Data management and description analysis was done by using R packages including “epicalc”, “plyr” and “reshape2”. Logistic regression was conducted by using R package “ice”. Inference was made based on the chi-square test in univariate analysis. P-value less than 0.05 suggests there is a significant difference among different categories. The 95% confidence interval and p-value were calculated in the logistic regression model. The likelihood ratio test and Wald’s test were used to test the statistical significance of the variable in the logistic regression model. A p-value less than 0.05 suggests the statistical significance of a variable in the model. All statistical analysis was conducted using R software version 3.5.2.
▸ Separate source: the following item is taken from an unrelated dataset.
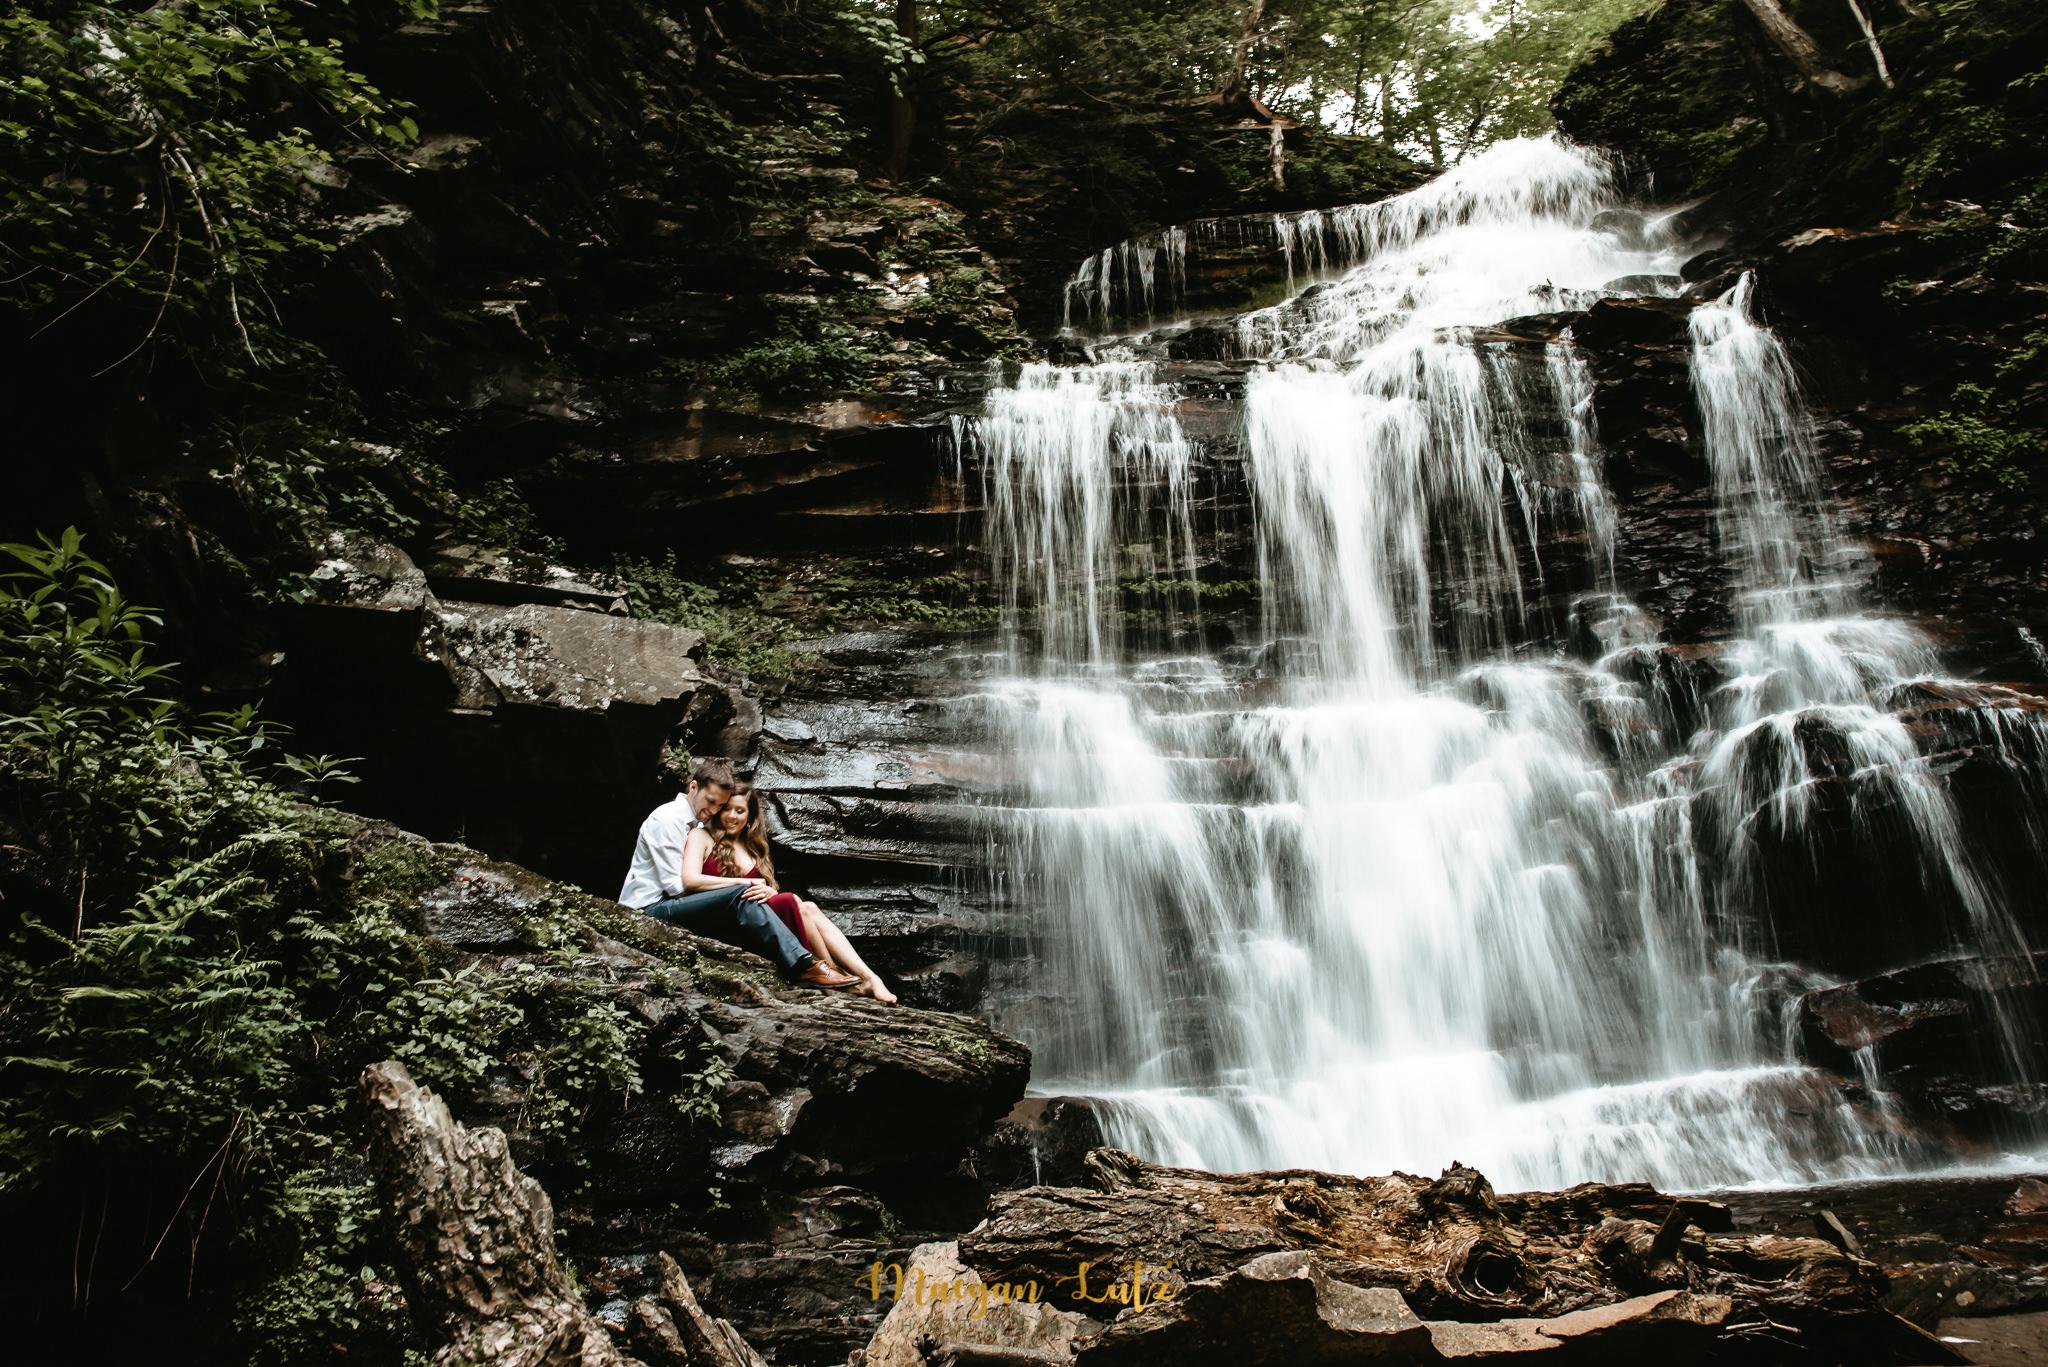 NEPA-Engagement-Wedding-Photographer-Session-at-Ricketts-Glen-State-Park-3.jpg

A generalized additive model was conducted by using R package “mgcv”. Generalized additive models are generalized linear models in which the linear predictor depends linearly on unknown smooth functions of some predictor variables, and interest focuses on inference about these smooth functions. Therefore, the advantage of the generalized additive model (GAM) lies in relaxing the near universal statistical assumption of linearity, and thereby potentially allowing the discovery of important trends that may have been missed in traditional analyses. We actually tried to smooth all applicable continuous variables to see if non-linear relationship was expected. In the usual practice of assessing non-linearity, the value of a continuous variable is cut into ordinal strata and the ordinal variable is tested with a linear model. The smoothing technique takes segments of data and assesses the relationship of the continuous predictor with the outcome and gives a series of values rather than a single value for the beta estimate26. The equation of generalized additive model is as follows: g(E(y)) = β0 + f1(x1) + f2(x2) + ··· + fm(xm). The best fitted multivariate model was met by stepwise varible selection based on Akaike information criterion (AIC). First, we select the possible variables based on the conclusions of previous similar studies and univariate analysis between two groups. Then we applied stepwise model selection to looking for better fitted model. Last, we decided the final variables on the basis of statistical model selection based on Akaiki Information Criterion (AIC) and suggestion from other studies.

Ethical consideration

This study was conducted according to the World Medical Association Declaration of Helsinki and conformed to ICMJE Recommendations for the Conduct, Reporting, Editing, and Publication of Scholarly Work in Medical Journals. This study was approved by the Ethical Committee of the Faculty of Medicine, Prince of Songkla University. Since the data were collected from the process of routine health examination, the content form was not required from the participants. Written informed consent was waived by the Ethical Committee of the Faculty of Medicine, Prince of Songkla University. All the information that might violate the right of privacy were not included in this study.